If you didn’t know anything about him, you might think he is a preacher running for Commander in Chief, but a preacher he is not although he is admittedly Christian. But this isn’t about Christians aligning to Obama like they are to Mike Huckabee, because as a whole they aren’t doing that. It’s about people who haven’t found hope and who think they can find that hope in him. His aura of faith and change has carried him so high that he seems to be above having to answer questions about current political issues. Strong Obama supporters would disagree, but they support him admittedly for his stance on the issues not only his promise of change. On the other hand, to those who are turning to him for hope, not because he is pro-choice, he carries with him an air of a pastor leading his congregation to the White House.
The general voting public has become completely fixated with his presidential demeanor and enthusiastic speeches. So much so that his following has increasingly included those who want change regardless of his voting record as the most liberal member of the senate and his far left political views. The fact is- he’s just so likable and inspiring. There are those who don’t like Hilary for her views yet they willingly support Obama despite his more liberal record, Democrats and Republicans alike. Newsweek has even called crossing Republicans entering his camp Obamacans. It’s not a far stretch to say he’s aligned himself to be perceived as the savior for our country and the one to lead us to the promise land of comprehensive healthcare, a thriving economy and…we’ll I don’t know what else- because he amazingly hasn’t focused on the issues, just that he will create change. This rhetoric of change has been abstract at best yet none the less inspiring.
The underlining current of Obama support is a subconscious attraction, not just to an idea of hope, but to the belief that it will actually be delivered by him. Undoubtedly there are countless people who crave hope, change, security and the belief that someone can bring them peace and after listening to just one of Obama’s “change” speeches one gets the feeling that he can be that person.

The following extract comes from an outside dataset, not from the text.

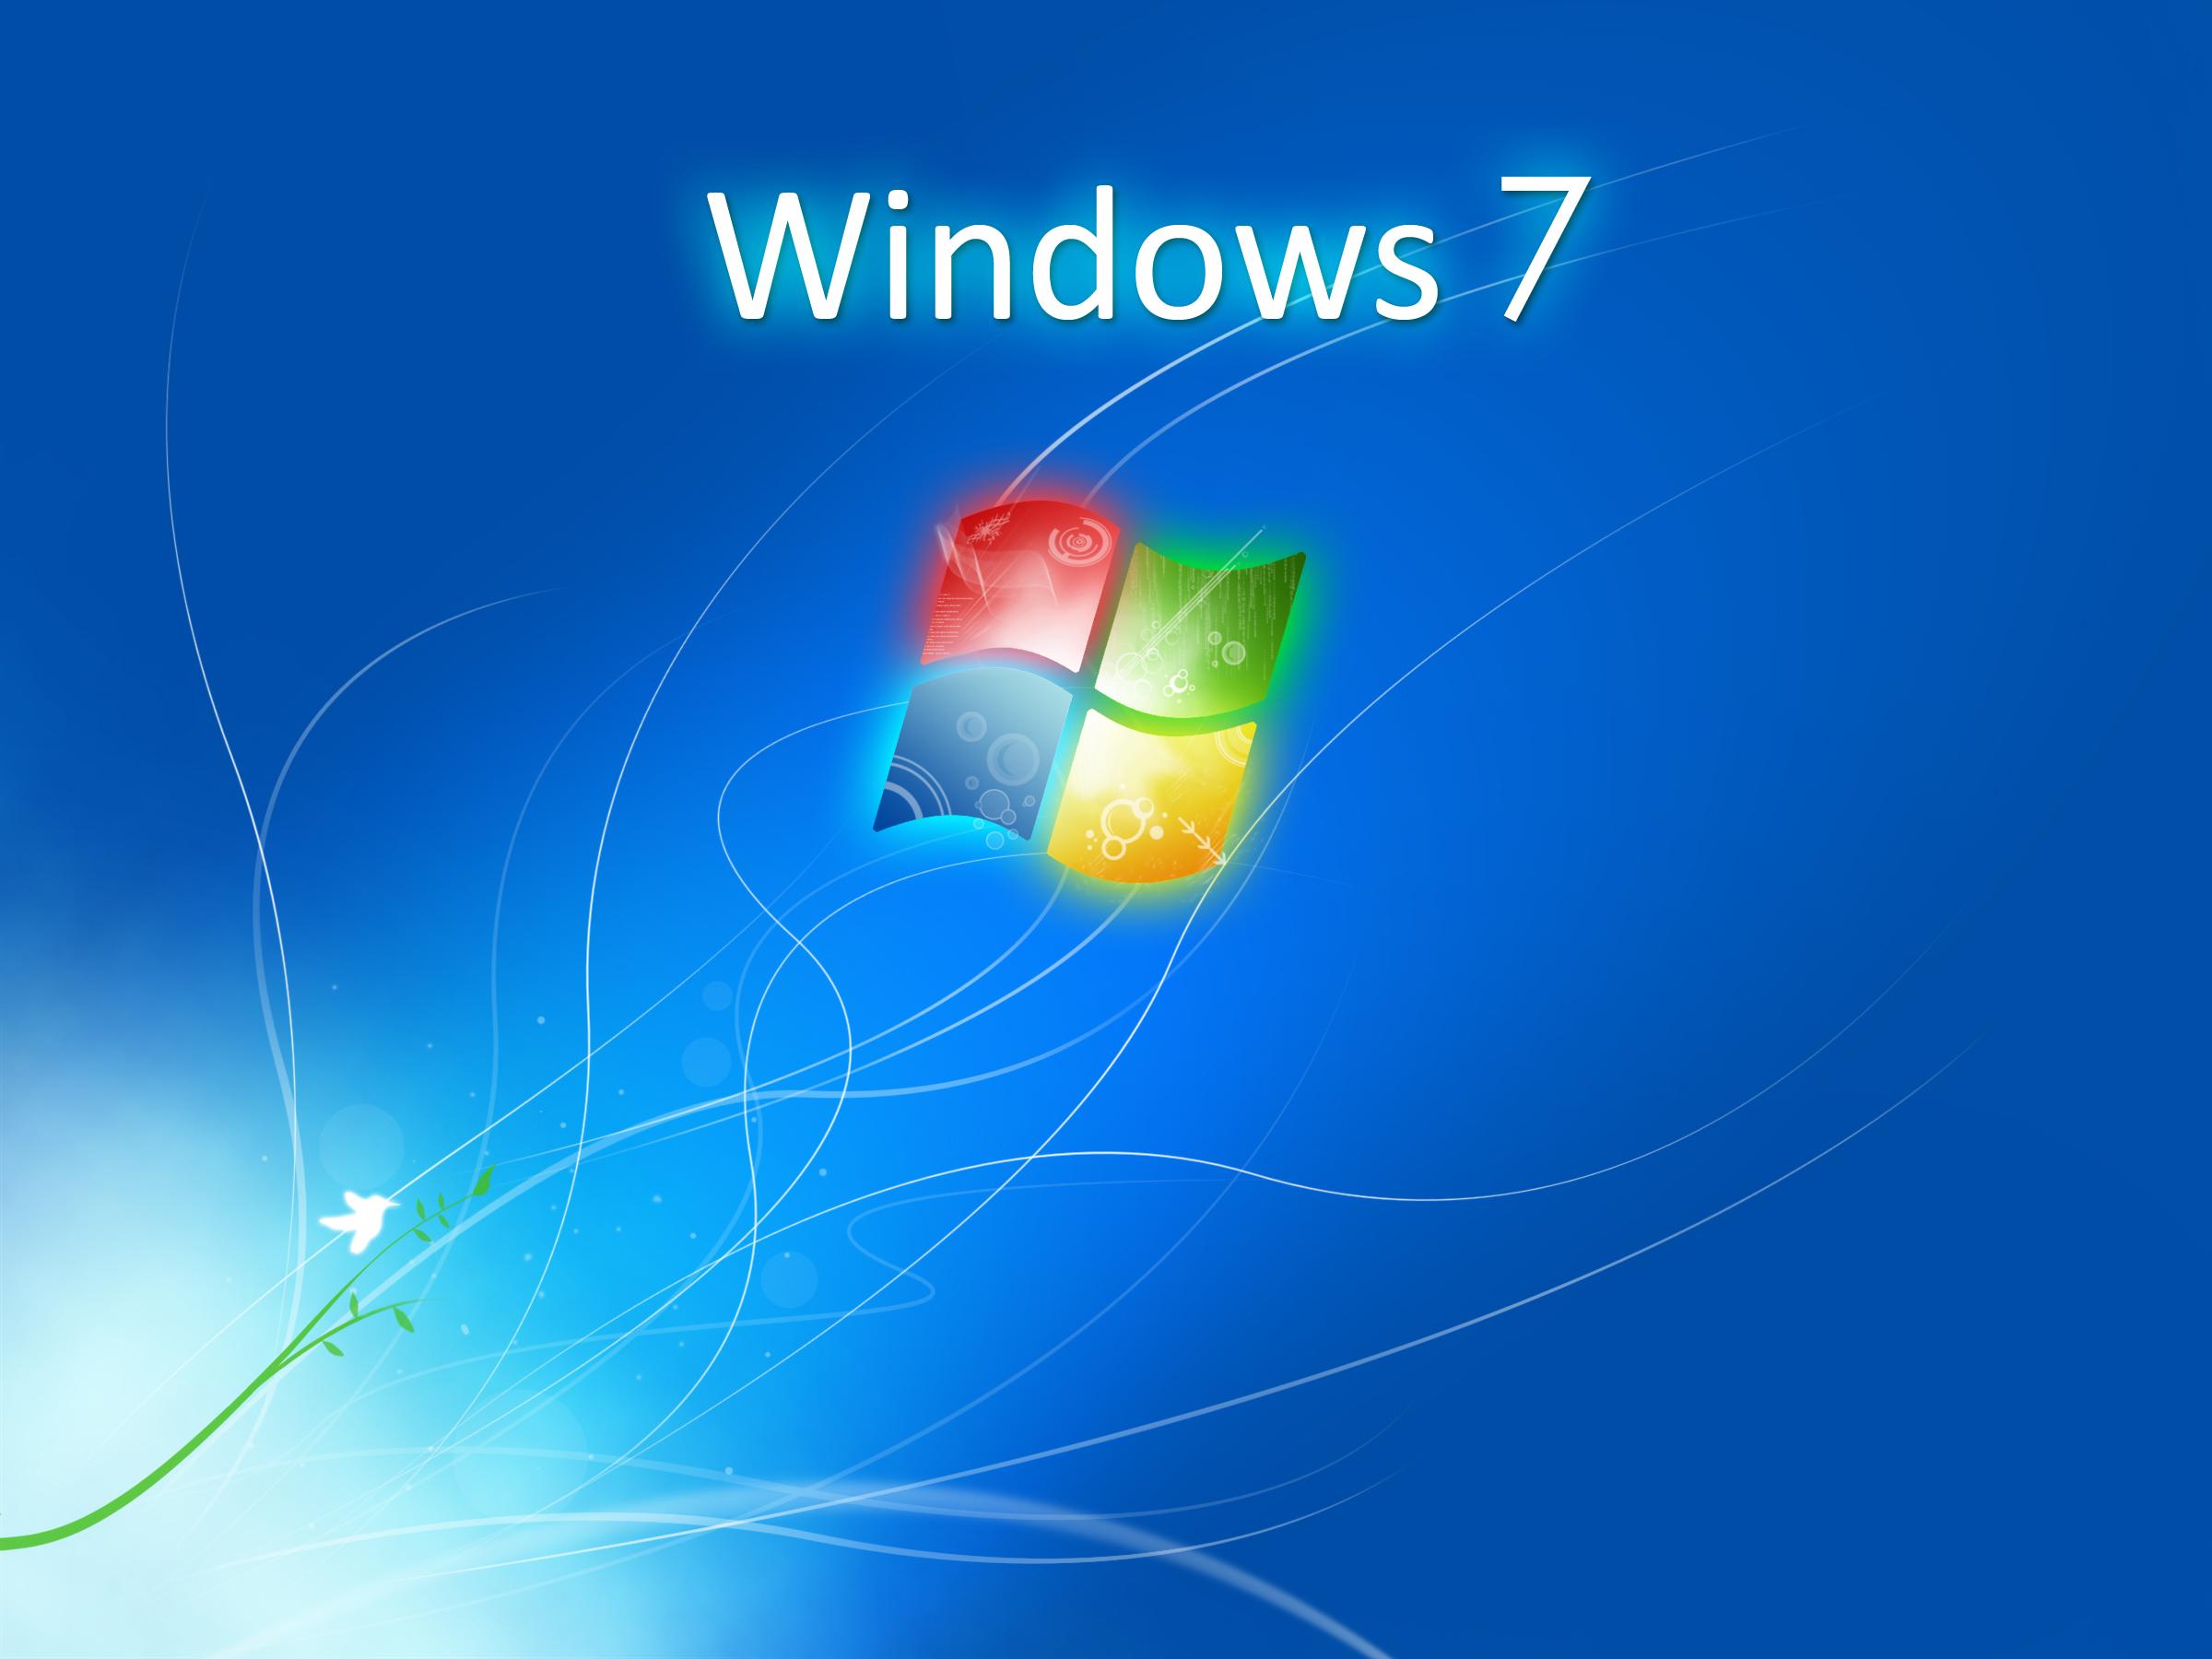 Windows7の壁紙まとめ

That’s what attracts so many to Obama. From the pulpit he rains down inspiring messages to masses of people who are in search for something more out of life. It’s so interesting how people have latched on to him, not in a political supportive manner, but in a pastoral leader way. The question that must be asked is- how is he, in the office of the presidency, going to act for the best of our country? Is the American public willing to appoint an inspirational speaker to the highest position in our country-- based on the current issues or a warm feeling they get when hearing him speak? It’s easy to get swept up with the expectation and promise of a better future, but I want to know what that better future is going to look like.
When it comes down to it, I don’t want a motivation speaker in the White House; I want a Commander in Chief. I want, based on a strong record on significant issues, a president who can perform based on a wealth of experience regardless if he is the best orator or if he looks the most presidential. For those who agree with Obama on all his positions, by all means support your candidate and vote on. But to those who hear a message of hope and prosperity and don’t care to look beyond mere inspiration, be careful for what you ask for; you just might get it.